# Strawberry 12/13



## Crow (Sep 15, 2007)

Arrived at 11:30, air temp was 30 degrees but sunny. Driving through Heber Valley was foggy.

Fished south of the Ladders. Did not drive down the road where the marina is so I don't know the status of some of the bays on the west side of the lake. The rest of the lake is ice free. One person was on a toon, I think he launched from the ladders. Did not see any boats.
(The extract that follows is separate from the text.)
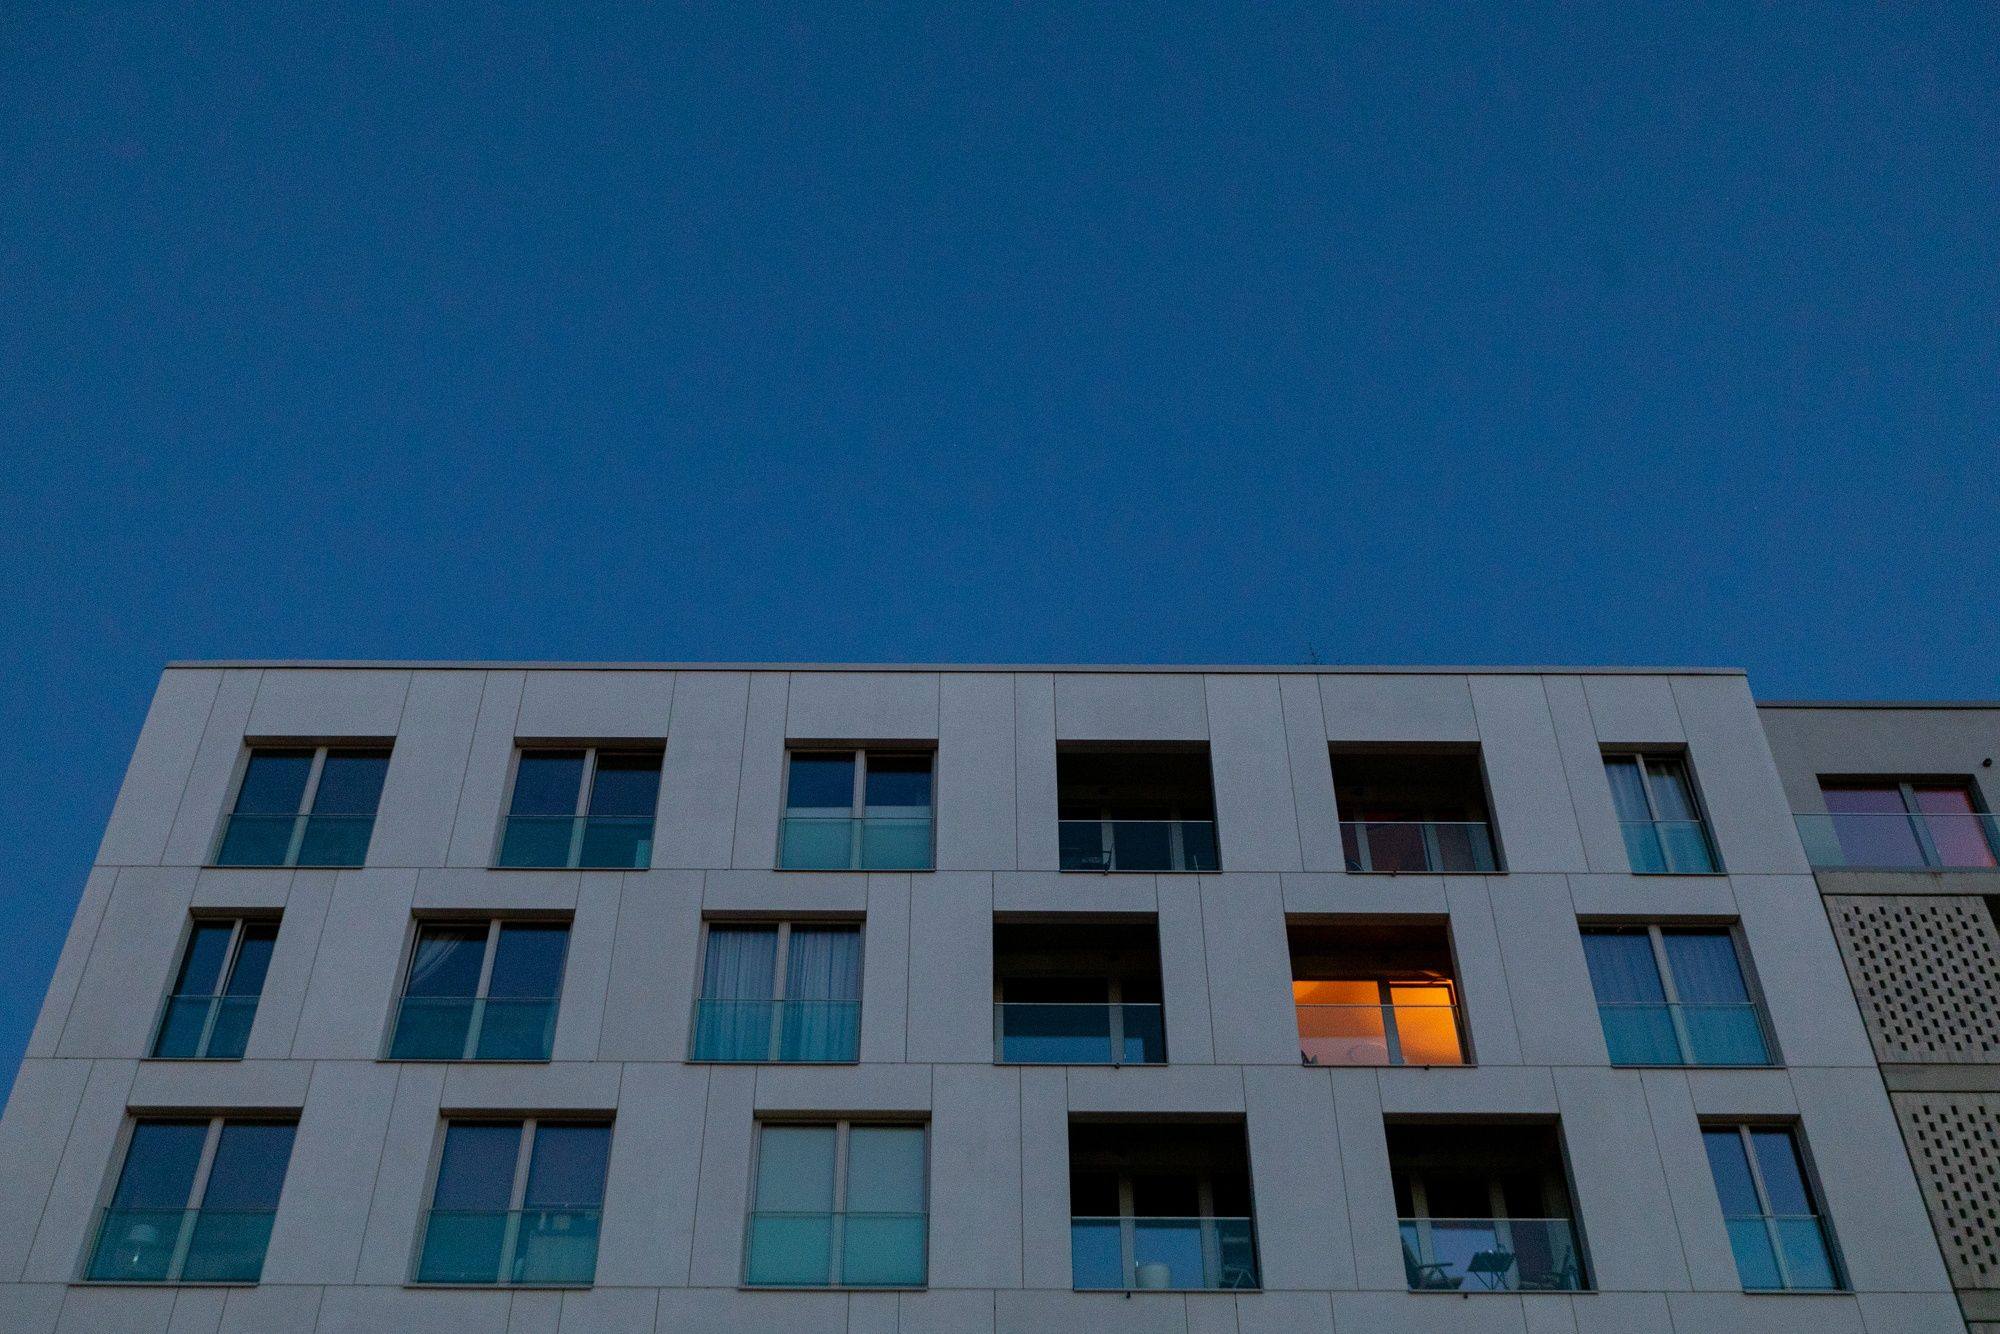 A light is on in a block of apartments at dusk in Berlin, Germany, on August 16. German citizens, municipalities and industrial consumers have been asked to save energy, as the German economy that is Europe’s growth engine faces problems including surging power prices. Photo: Bloomberg

Started out using power bait (two pole permit) and the other a tube jig tipped with a crawler. Nothing on either one. Tried black wooly bugger, nothing. Tried Lucky Craft, nothing. Tried worm on the bottom, viola, first fish of the day 23 1/2 inch Rainbow very very fat, guessing around 5lbs. Charged battery on camera but left it at home. Missed some light bites but picked up 2 more bows, one about 10 inches the other about 14. It started getting cloudy about 2pm and the wind blew a little other than that is was a nice warm day. When we left the temp on the truck said 45 degrees.


----------



## 1morecast (Dec 6, 2007)

Thanks for the report Crow, I was supposed to go this past weekend, but had to many things built up that needed attention. Gonna try this upcoming sat.


----------



## climberike (Mar 29, 2010)

were there any ducks flying?


----------



## Crow (Sep 15, 2007)

I saw one small flock of about 6 flying from north to south about telephone pole high in the middle of the lake. Saw a few sitting in various places while driving but not many.


----------



## Tylert (Aug 6, 2008)

Can't wait for it to freeze over


----------



## americanforkdude (Sep 13, 2007)

Where are all the cuts? I've fished the berry a lot in years past and it seems like 95% of the fish you catch are Cutts? I've probably fished it this year 6 times and I bet I have only caught a handful of cutts compared to lots of rainbows. I'm not complaining by any means the rainbows fight harder and the funny thing is when I use to always catch cutts I'de always moan about not catching any rainbows. Now I'm catching "mostly" planter rainbows I would like to catch a long skinny cutthroat ha ha. Where are they?


----------



## LOAH (Sep 29, 2007)

The Ladders area has always been more of a rainbow spot for me in the past, so it's not surprising for me to see them there. At the Soldier Creek Dam though, I usually catch a pretty mixed bag of 16 inch bows and 20 inch cutts with the odd slot buster.


----------